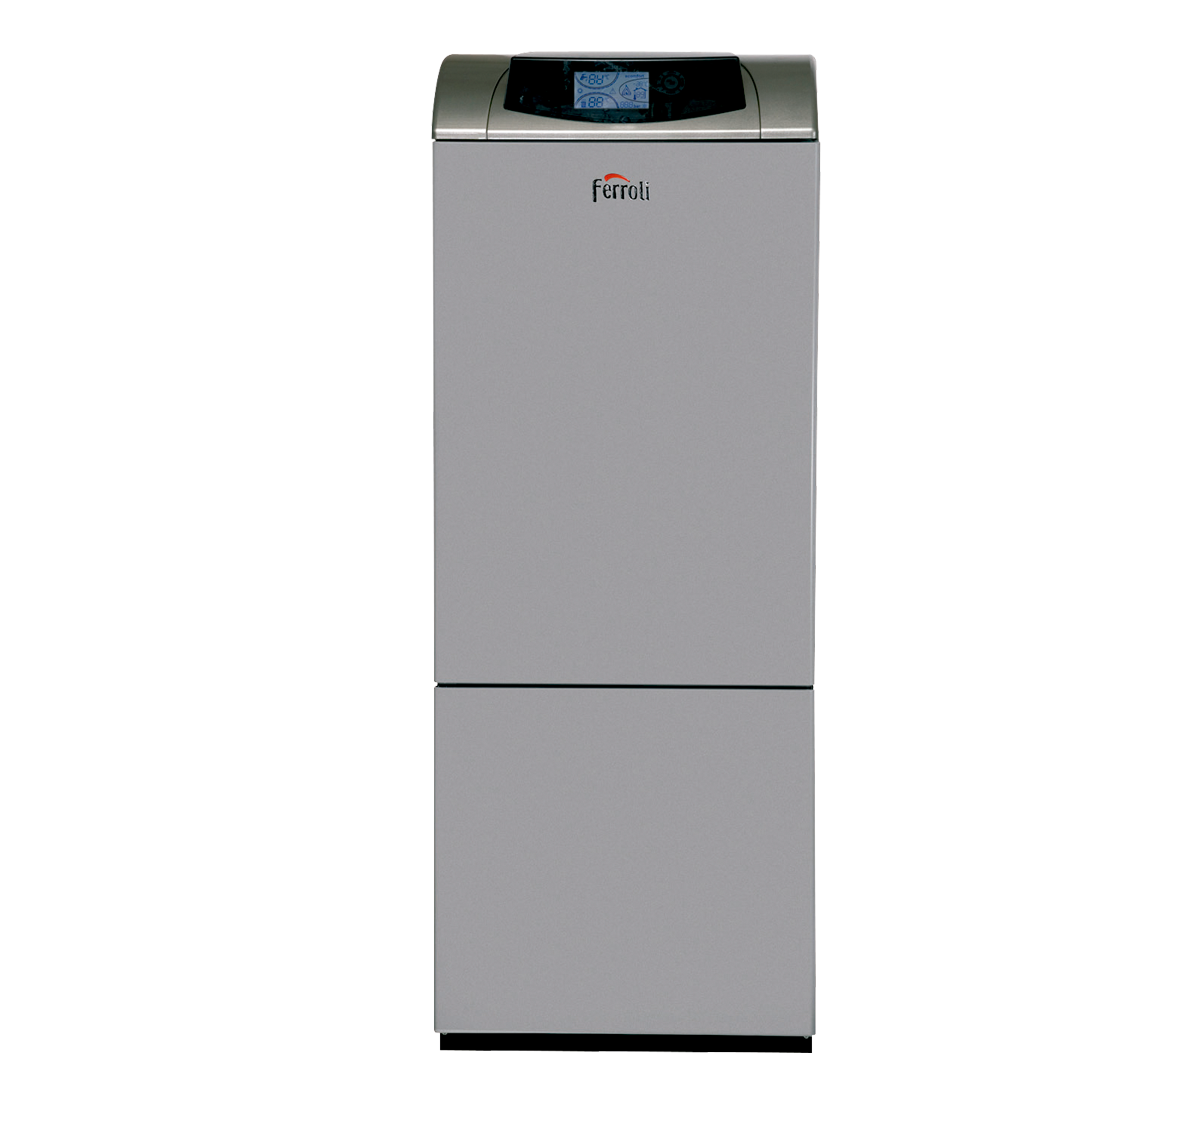 caldera de gasoleo ferroli atlas d eco 42 k 130 unit caseragua venta calderas
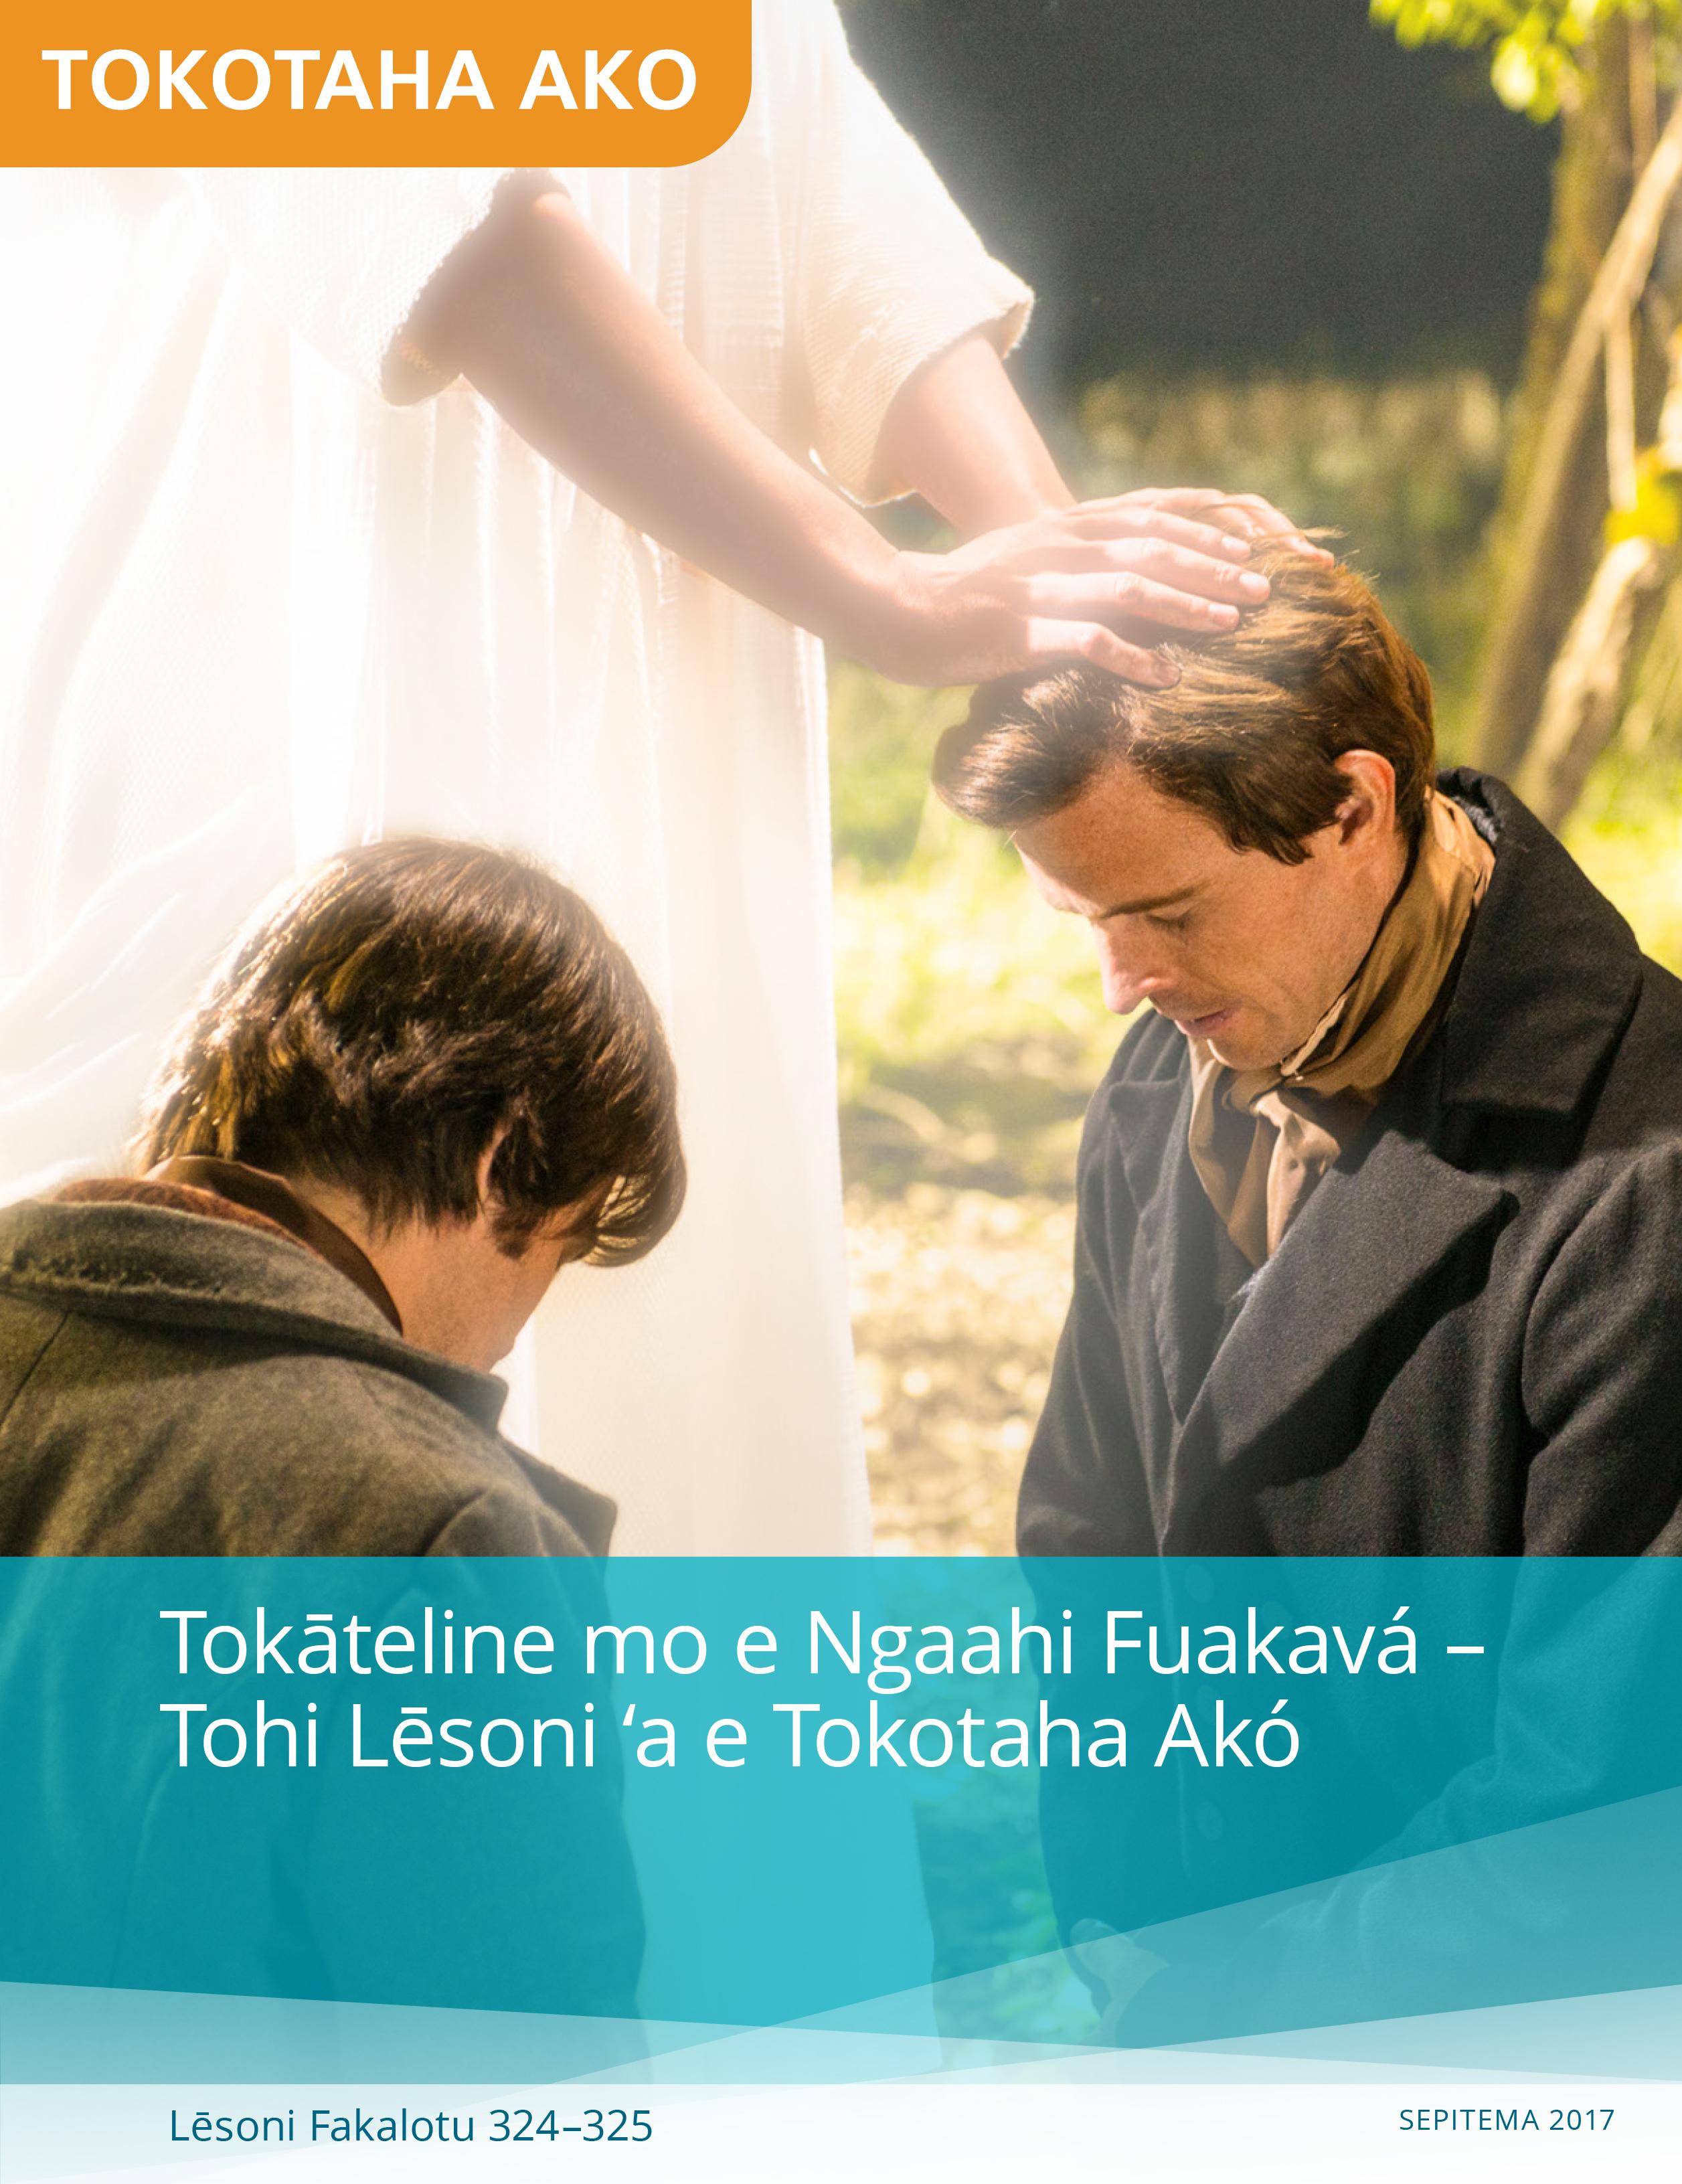 Tokāteline mo e Ngaahi Fuakavá–Tohi Lēsoni ʻa e Tokotaha Akó
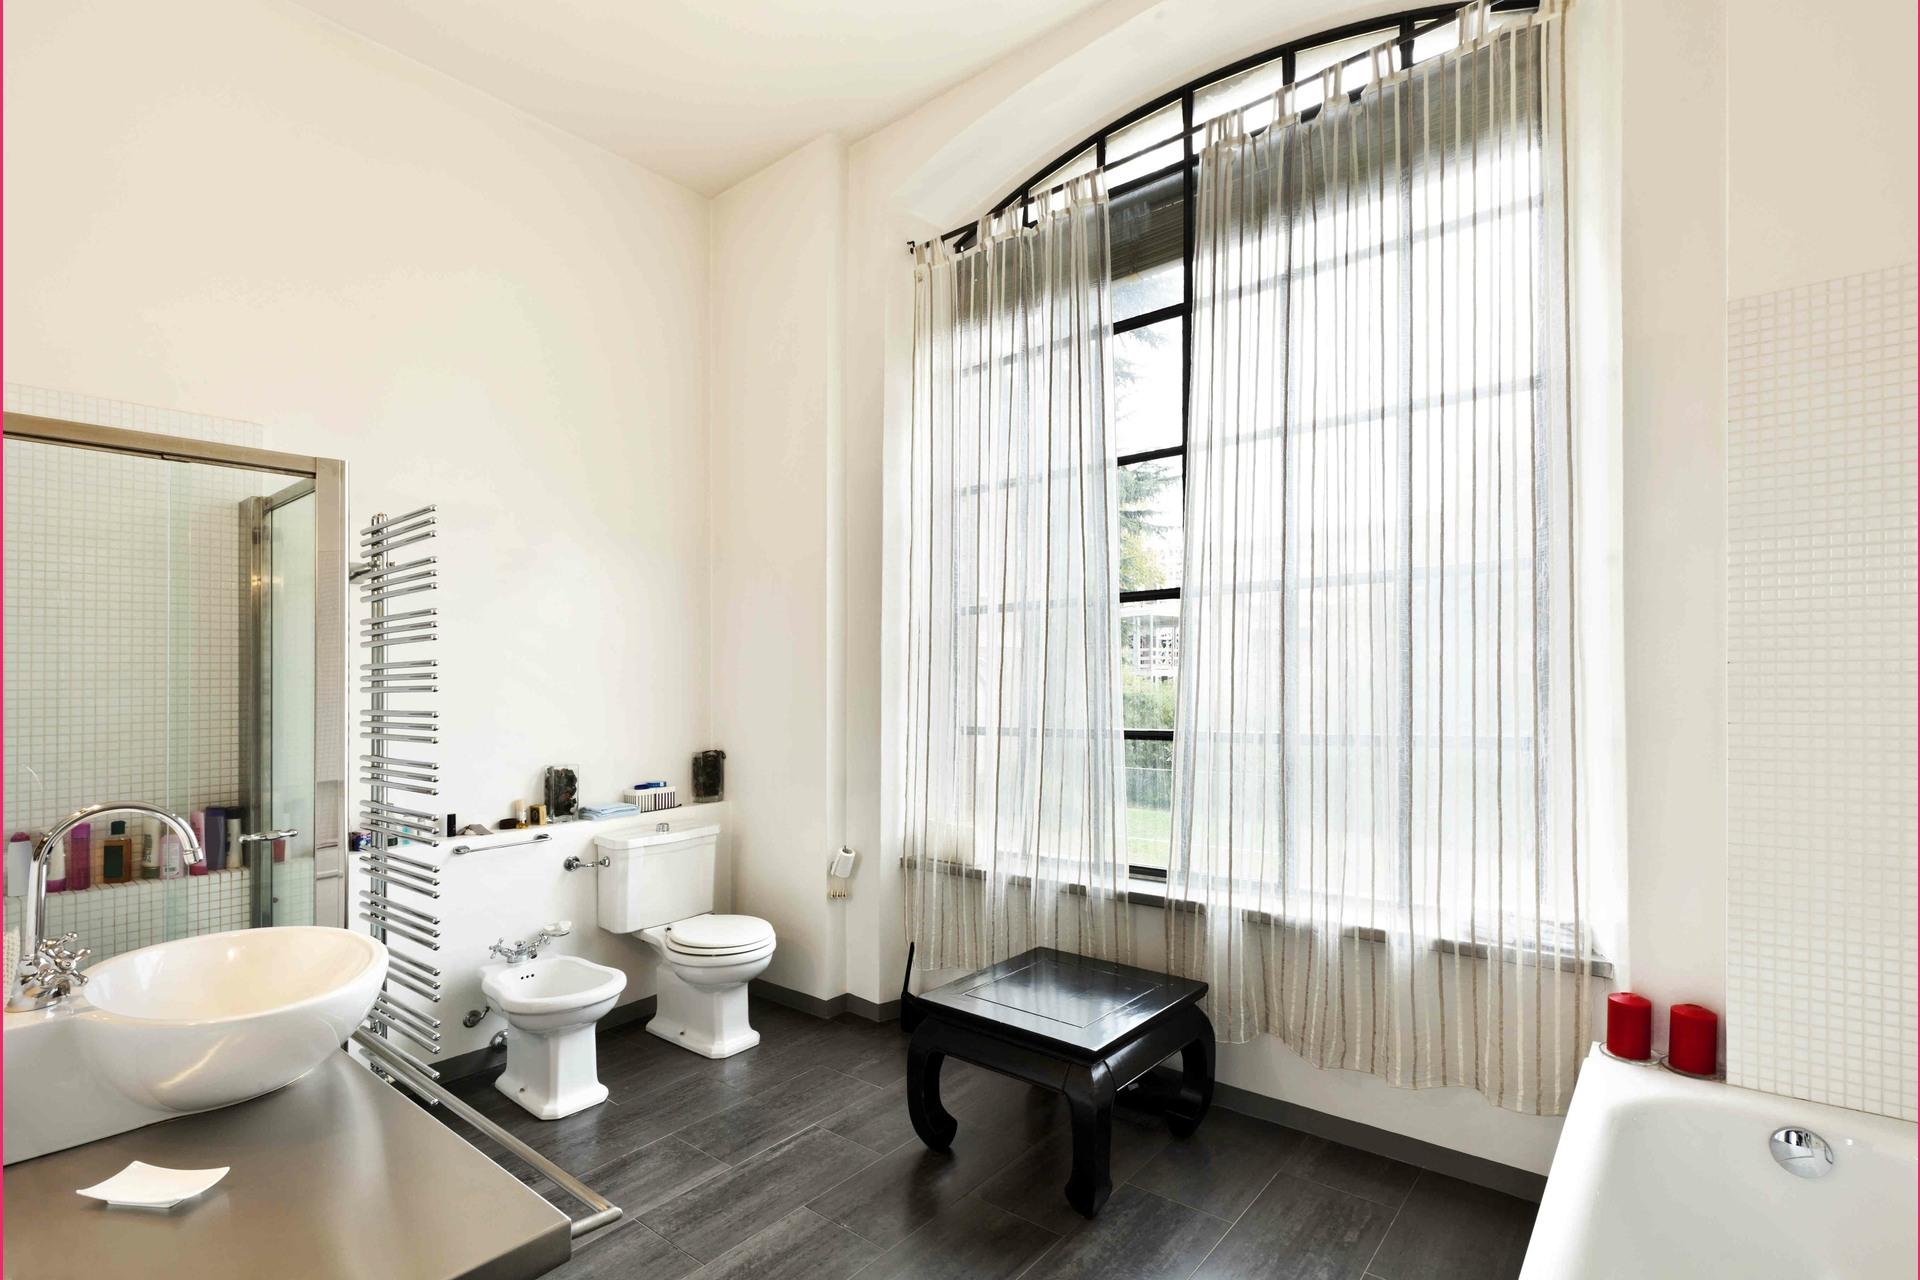 image 1 - Appartement À vendre Montréal Ville-Marie - 7 pièces

----

# Task
From the material above, print everything exactly except the pictures.

# Problem solution
 caldera de gasoleo ferroli atlas d eco 42 k 130 unit caseragua venta calderas
 Tokāteline mo e Ngaahi Fuakavá–Tohi Lēsoni ʻa e Tokotaha Akó
 image 1 - Appartement À vendre Montréal Ville-Marie - 7 pièces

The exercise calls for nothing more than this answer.